To detect this using a black-box scan, a tool can attempt to send multiple requests to a protected FeathersJS endpoint using the same JWT token from different source IPs while monitoring whether the server continues to accept requests after the expected quota is exceeded. The presence of per-endpoint or per-IP limits without validation against JWT claims indicates a potential bypass.

Remediation requires aligning rate limiting with the authenticated identity extracted from the JWT. In FeathersJS, this is typically done inside hooks where the authentication hook has already validated the token and attached the user object to context.params. You should implement a rate limiter that uses a key derived from the user identity (e.g., the sub claim or a stable user ID) rather than IP address alone.

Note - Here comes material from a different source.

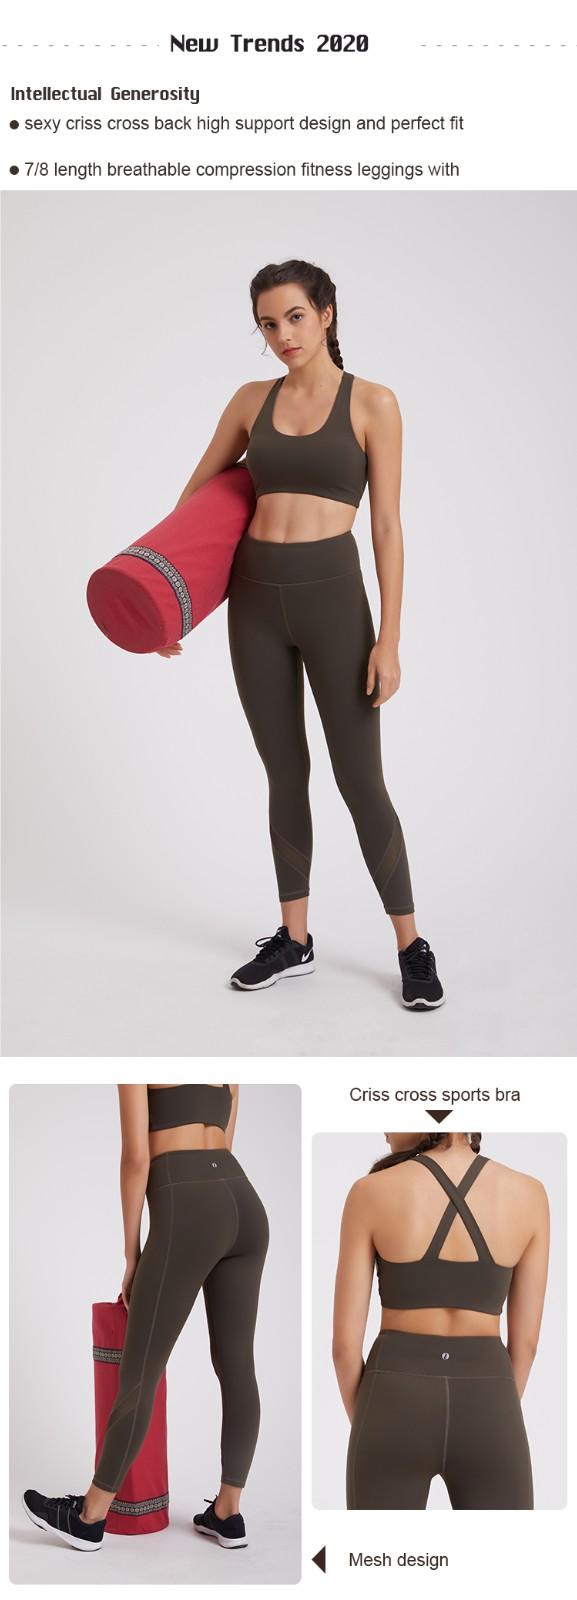 INGOR cute yoga outfits owner for sport

Below is an example of a FeathersJS hook that extracts the user ID from a verified JWT and uses a token-bucket style in-memory store for simplicity (in production, use Redis or another shared store for multi-instance deployments). This hook should be placed after the authentication hook so that context.params.user is available.

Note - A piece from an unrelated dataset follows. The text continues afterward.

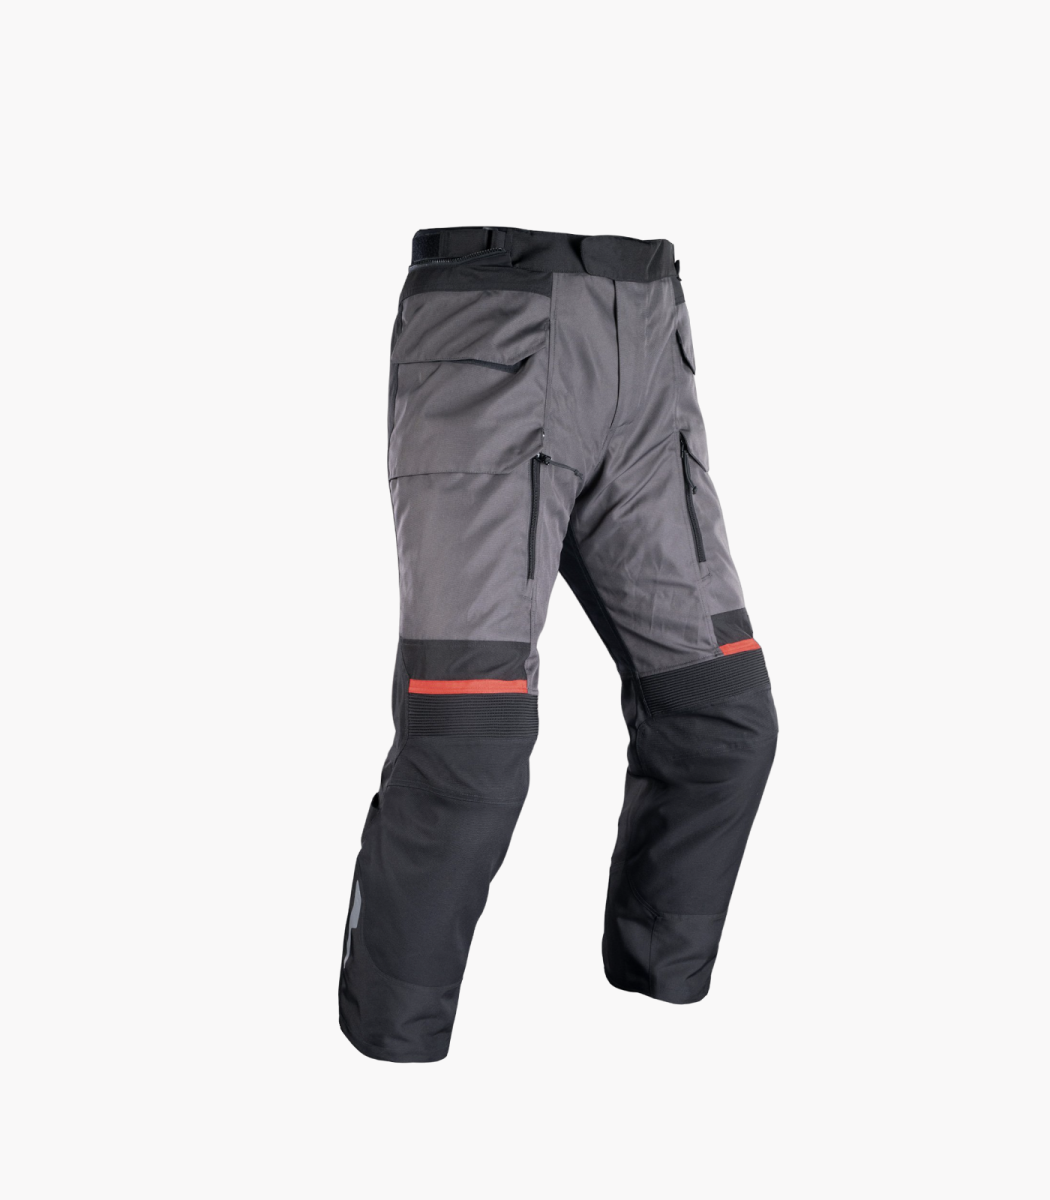 OXFORD ROCKLAND MS PANTS - CHARCOAL/BLACK/RED

const { RateLimiterRedis } = require('rate-limiter-flexible');
const redisClient = require('./redisClient'); // your Redis client

const rateLimiter = new RateLimiterRedis({
  storeClient: redisClient,
  points: 60, // 60 requests
  duration: 60 // per 60 seconds
});

const identityRateLimit = (context) => {
  if (context.params.user) {
    const userId = context.params.user.userId || context.params.user.sub;
    const key = `ratelimit_user_${userId}`;
    return rateLimiter.consume(key)
      .then(() => {})
      .catch(() => {
        throw new Error('Too many requests');
      });
  }
  return Promise.resolve();
};

module.exports = {
  before: {
    all: [],
    find: [],
    get: [],
    create: [identityRateLimit],
    update: [identityRateLimit],
    patch: [identityRateLimit],
    remove: [identityRateLimit]
  },
  after: {},
  error: {}
};

This approach ensures that the rate limit key incorporates the user identity from the JWT, preventing bypass via IP rotation when a valid token is used. The key must be namespaced (e.g., ratelimit_user_) to avoid collisions with other rate-limiting schemes.

If you cannot use a shared store, you can implement a simpler in-memory map keyed by user ID, but be aware this does not scale across processes or instances:

const userBucket = new Map();

const inMemoryIdentityRateLimit = (context) => {
  if (context.params.user) {
    const userId = context.params.user.userId || context.params.user.sub;
    const now = Date.now();
    const windowMs = 60 * 1000;
    const limit = 60;

    if (!userBucket.has(userId)) {
      userBucket.set(userId, { count: 1, start: now });
      return Promise.resolve();
    }

    const bucket = userBucket.get(userId);
    if (now - bucket.start > windowMs) {
      bucket.count = 1;
      bucket.start = now;
      return Promise.resolve();
    }

    if (bucket.count >= limit) {
      return Promise.reject(new Error('Too many requests'));
    }

    bucket.count += 1;
    return Promise.resolve();
  }
  return Promise.resolve();
};

Additionally, ensure your JWT verification hook is correctly ordered and that tokens with insufficient claims are rejected early. You can also combine IP-based limits with identity-based keys for defense-in-depth, but the identity-based key is the critical factor to prevent bypass when a valid JWT is present.